4. Le moyen tiré de ce que le refus de délivrer un titre de séjour à Mme B... méconnaît les stipulations de l’article 8 de la convention européenne de sauvegarde des droits de l’Homme et des libertés fondamentales, est de nature, en l’état de l’instruction, à faire naître un doute sérieux quant à la légalité de cette décision. Il y a lieu, en conséquence, d’ordonner la suspension de son exécution.

Sur les conclusions aux fins d’injonction :

5. Il résulte de ce qui précède qu’il y a lieu d’enjoindre au préfet des Bouches-du-Rhône de délivrer à Mme B..., à titre provisoire, une carte de séjour portant la mention « vie privée et familiale» dans le délai d’un mois suivant la notification de la présente ordonnance et de lui délivrer, dans cette attente, une autorisation provisoire de séjour l’autorisant à travailler. Le préfet des Bouches-du-Rhône peut toutefois retirer cette carte de séjour temporaire si la requête au fond est rejetée par le tribunal administratif.

6. Dans les circonstances de l’espèce, il y a lieu de prononcer contre l’Etat, à défaut pour le préfet des Bouches-du-Rhône de justifier l’exécution de la présente ordonnance, dans le délai prévu au point 5, une astreinte de 50 euros par jour jusqu’à la date à laquelle cette ordonnance aura reçu exécution.

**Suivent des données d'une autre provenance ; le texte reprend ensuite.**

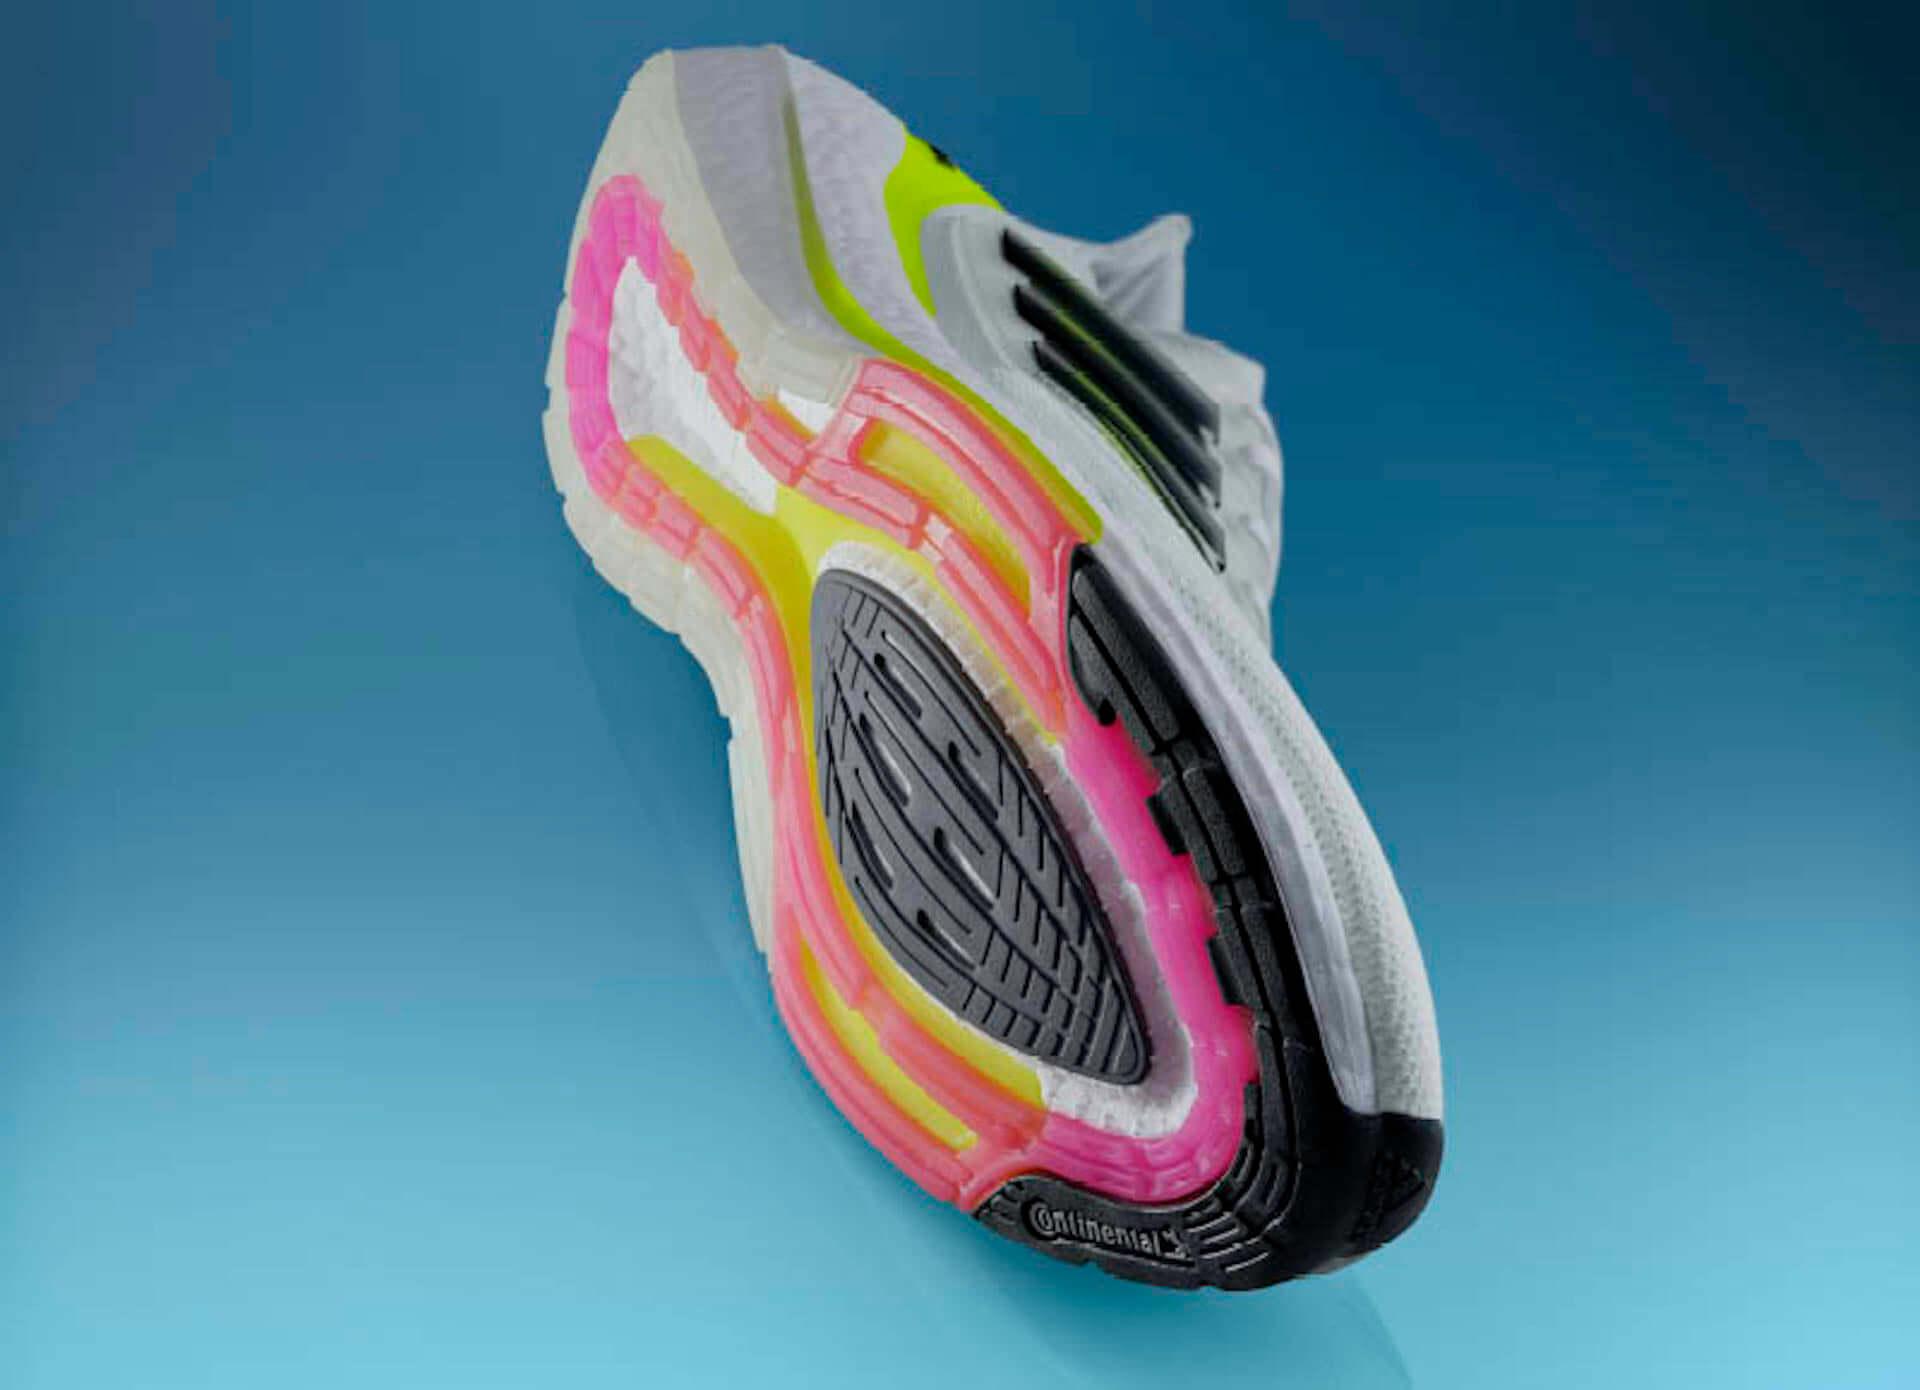 アディダスを象徴するプレミアムランニングシューズが進化!軽量性・クッショニングに優れた最新モデル『Ultraboost 21』が登場 lf210115_adidas_7-1920x1390

Sur les frais d’instance :

7. En application de l’article L. 761-1 du code de justice administrative, il y a lieu de mettre à la charge de l’Etat une somme de 1 200 euros au titre des frais exposés par Mme B... et non compris dans les dépens.



O R D O N N E :


Article 1er : L’exécution de la décision du 24 janvier 2025, par laquelle le préfet des Bouches-du-Rhône a rejeté la demande de renouvellement de titre de séjour de Mme B..., est suspendue.

Article 2 : Il est enjoint au préfet des Bouches-du-Rhône de délivrer à Mme B..., à titre provisoire, une carte de séjour pluriannuelle portant la mention « salarié » dans le délai d’un mois à compter de la notification de la présente ordonnance et de lui délivrer, dans cette attente, une autorisation provisoire de séjour l’autorisant à travailler.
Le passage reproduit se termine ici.